Mrs Carnell: No; you are the one who is raising it.

MS FOLLETT: Mr Speaker, if Mrs Carnell persistently interrupts, I will have to ask you to protect me from her.

I do also want to make the point - I think, contrary to the gist of what Ms Tucker was saying - that I am a strong supporter of sister city relationships, and the reason I support them is that I believe that they are a very substantial force for greater understanding and, therefore, for world harmony. The fact that they are conducted at a people-to-people level, I believe, is useful and productive in achieving both of those objectives. I therefore support the notion of sister city relationships, and I would, in other circumstances, have supported a relationship with Versailles. But we cannot ignore the decision the French Government has taken; nor can we ask some other level of government to make our protest for us; nor can we, as Mr Moore unsuccessfully sought to do, protest only against people who do not agree with us. That is a nonsense.

I ask members to imagine, if they will, what would happen if the shoe were on the other foot. If it were the Australian Government who had recommenced nuclear testing, say, in the countryside of Provence, or in the Mediterranean off Nice, what would be the attitude of the people of Les Yvelines in the Versailles region? They would be outraged. They would seek to sever relations with the people of Canberra. I have no doubt whatsoever of that.

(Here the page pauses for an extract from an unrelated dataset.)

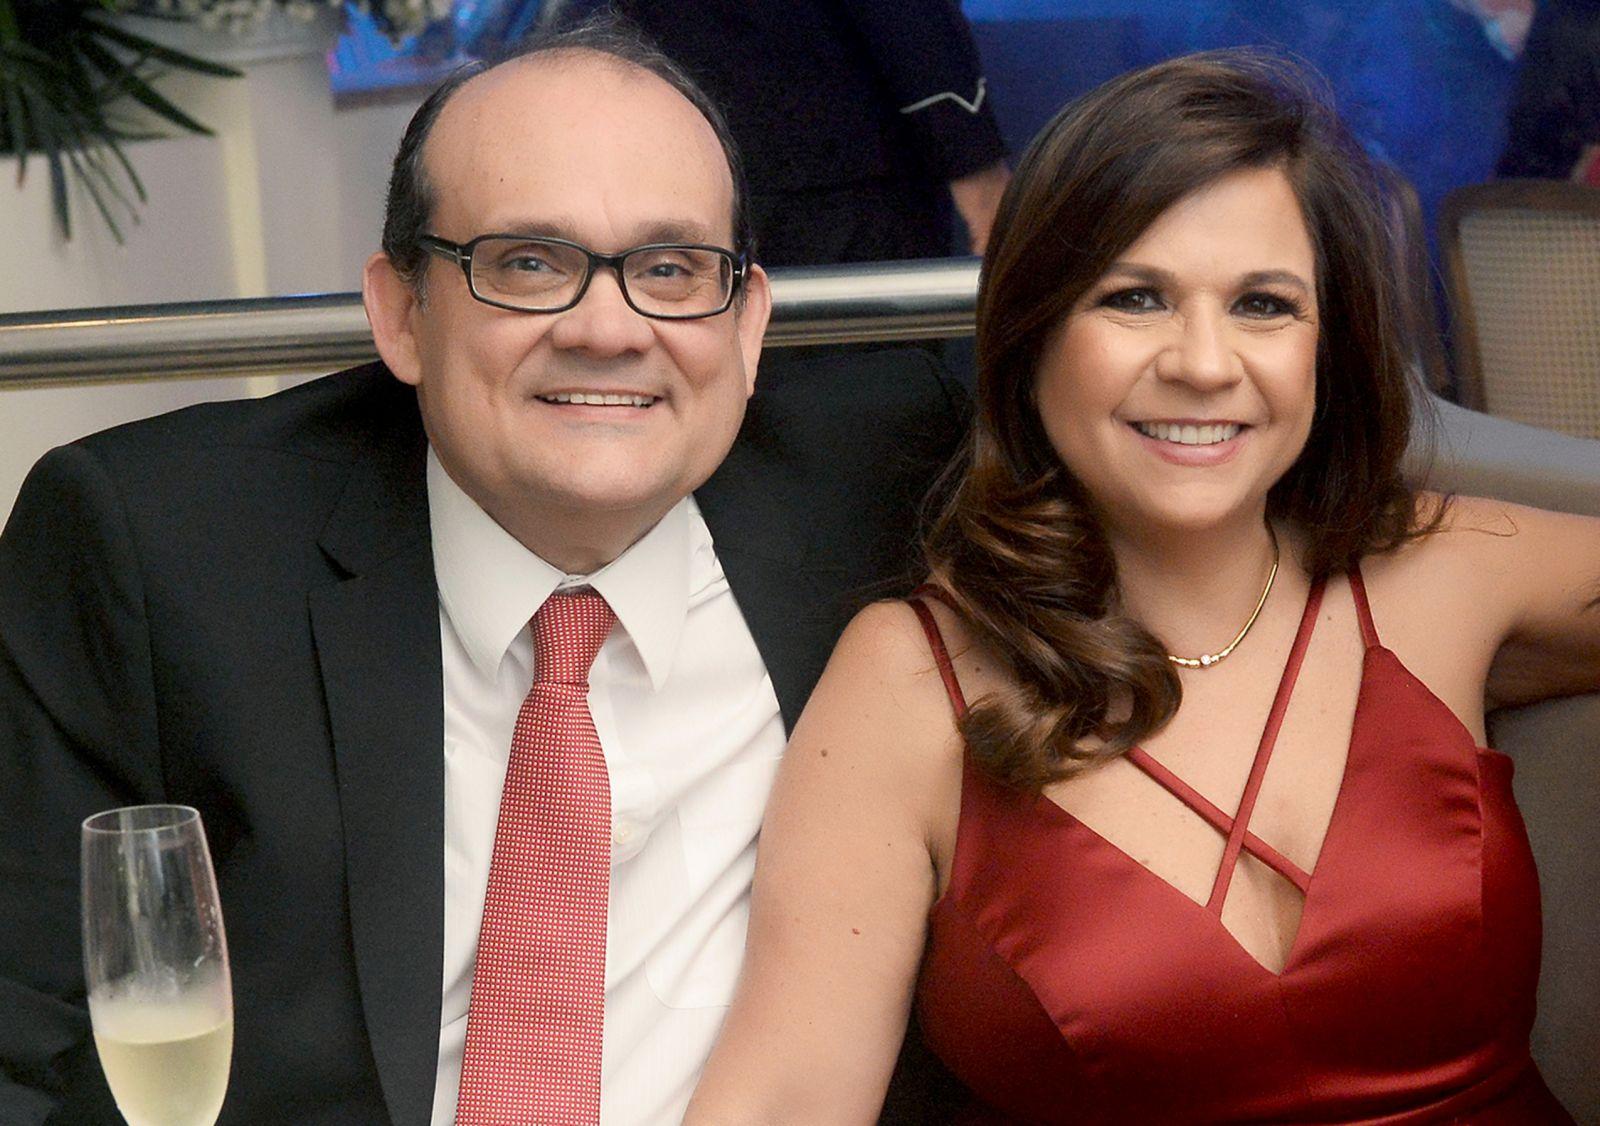 Ademar Lemos é o famoso aniversariante de hoje, na fotos ele está com a esposa Verônica Lemos

For that reason, I again commend the motion to the Assembly. I believe that it is the appropriate form of protest for the people of Canberra to make in a civilised, lawful and peaceful manner, and I urge the Government to show some leadership by offering the people of the Territory this peaceful and lawful avenue of protest. It is a question of leadership. Of course, the boycott is also important, but there are many people who have probably never bought a French product in their lives. There are even more people who have spent the last several years conscientiously buying Australian, and I am one of them. Whether it is clothing or drink or whatever, I make every effort to buy Australian. We need the two actions to be taken simultaneously.

Mr Speaker, to conclude, we have no objection to Mr Humphries's amendment to the motion, but that amendment cannot stand alone. It is essential that the people of this Territory also have a suitable avenue to express their outrage at this matter, and that is the substantial motion.